Coupling of vector gauge to a tensor field problem

1. Jul 22, 2012

aries0152

1. The problem statement, all variables and given/known data
Hi
I was reviewing this paper.
But I stuck in the last part. (equation 25)

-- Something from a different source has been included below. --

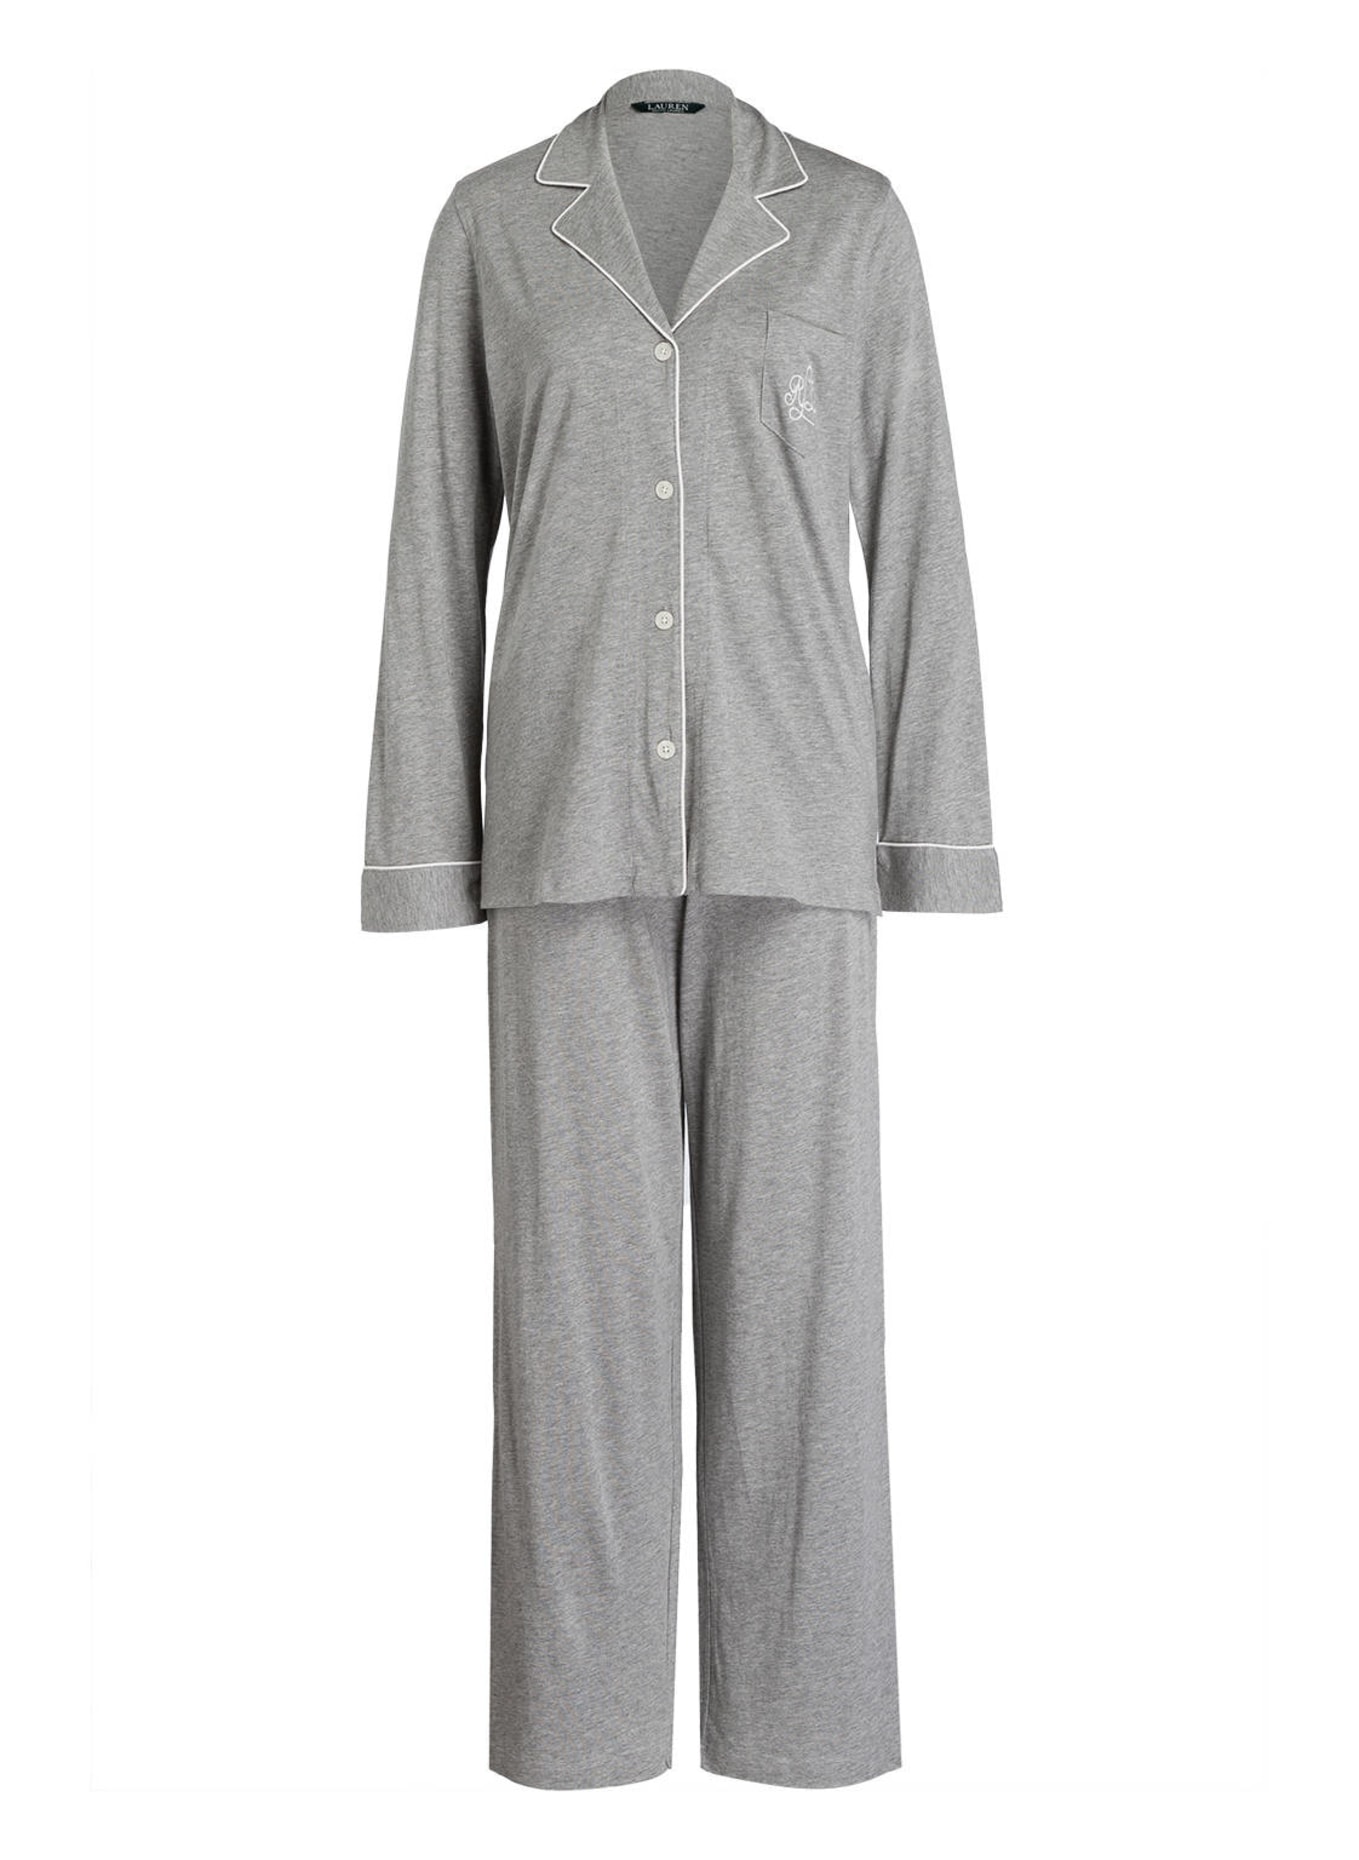 LAUREN RALPH LAUREN Schlafanzug, Farbe: GRAU (Bild 1)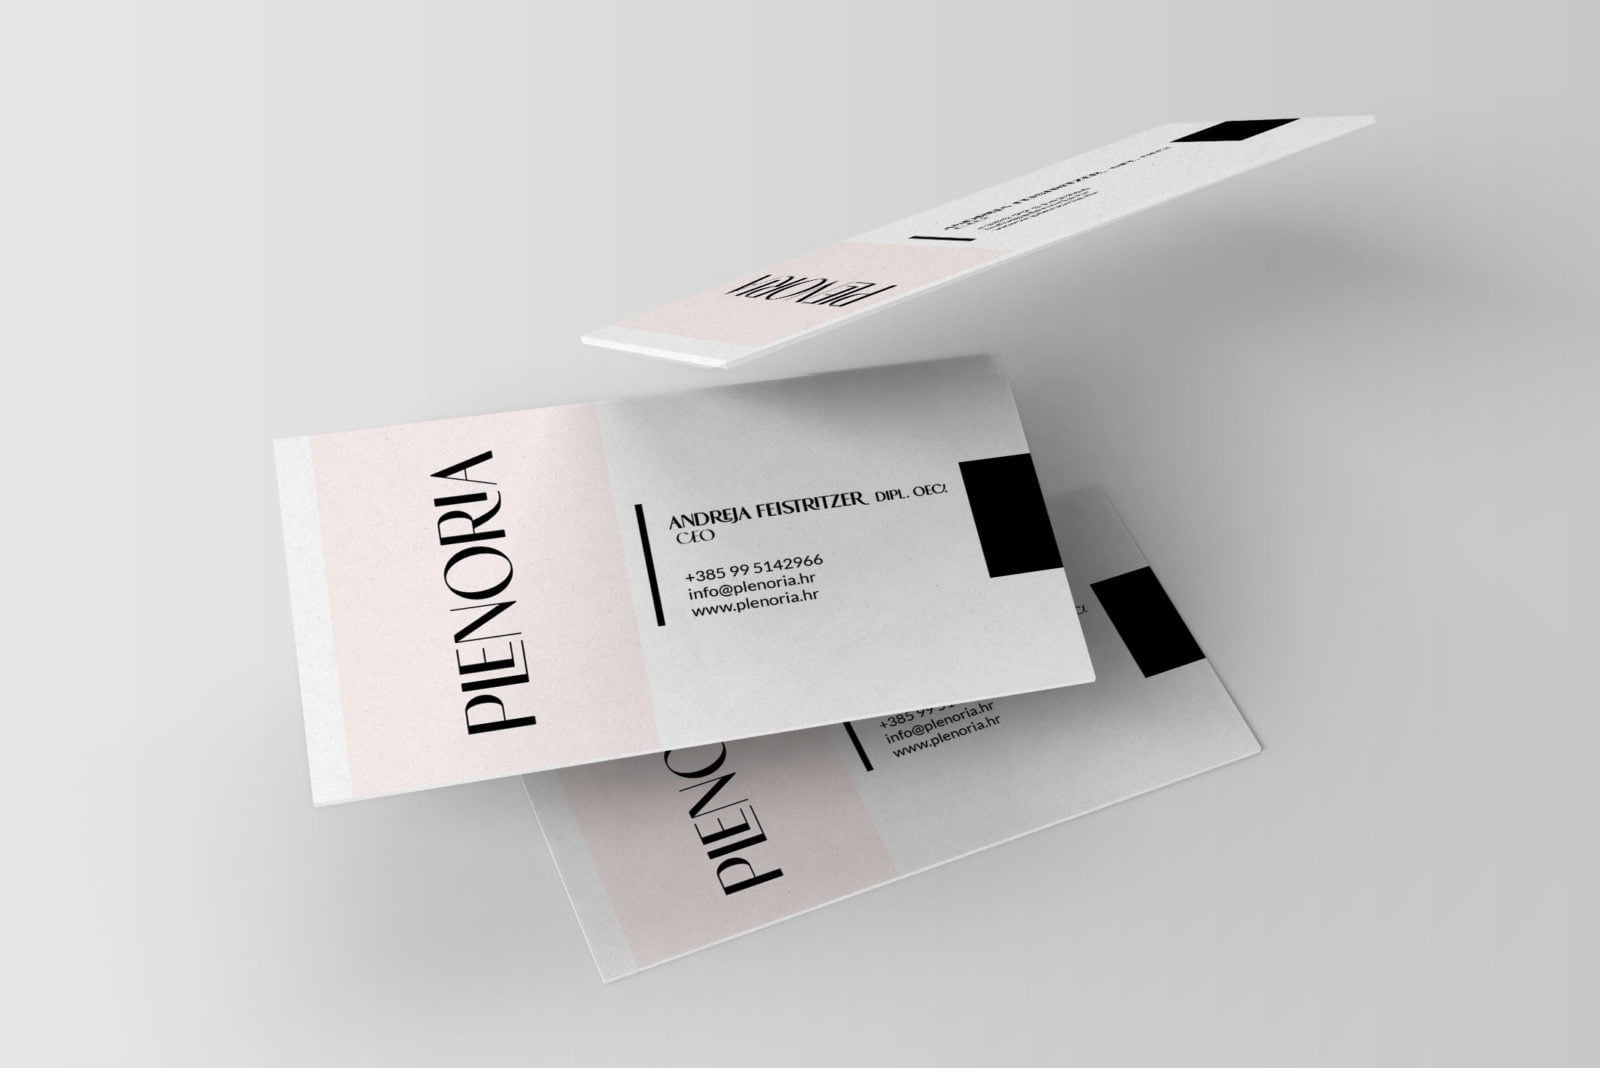 dizajn posjetnica plenoria designer2 dizajn ambalaze packaging design 1

According to the paper the Lagrangian is -
$$2L=(\dot{V^{T})^{2}}-(\nabla\times V^{T})^{2}+[\dot{B}^{T}-\nabla\times A^{T}]^{2}+2mV^{T}.(\nabla\times A^{T})+2mB^{T}.\dot{V}^{T}+2\mu^{2}A^{T}.B^{T}------(1)$$
And after imposing the conditions below-
$$B^{L}=A^{L}=0=\dot{V^{L}}-\nabla U------(2)$$
$$A^{T}.B^{T}=-(\nabla\times A^{T}).(\nabla^{2})^{-1}(\nabla\times B^{T})------(3)$$
$$(\nabla\times A^{T})=\dot{B^{T}}-mV^{T}+\mu^{2}(\nabla^{2})^{-1}(\nabla\times B^{T})------(4)$$

There would be only two terms (according to the paper)-
$$2L= (\dot{V^{T})^{2}}+\mathbf{V}^{T}\nabla^{2}\mathbf{V}^{T}$$

My Calculation:
But after I use the condition (2), (3) and (4) and put them into (1). But I have found the equation-
$$2L= (\dot{V^{T})^{2}}+\mathbf{V}^{T}\nabla^{2}\mathbf{V}^{T}+2mB^{T}.\dot{V}^{T}-m^{2}(V^{T})^{2}-\mu^{4}(\nabla^{2})^{-2}(\nabla\times B^{T})^{2}$$
$$+2\dot{B}^{T}mV^{T}+2mV^{T}\mu^{2}(\nabla^{2})^{-1}(\nabla\times B^{T})-2\mu^{2}(\nabla^{2})^{-1}(\nabla\times B^{T})\dot{B}^{T}$$
So there are some extra terms that need to be eliminated.

How can I do it? Is there any other condition that needed to be applied? Please help.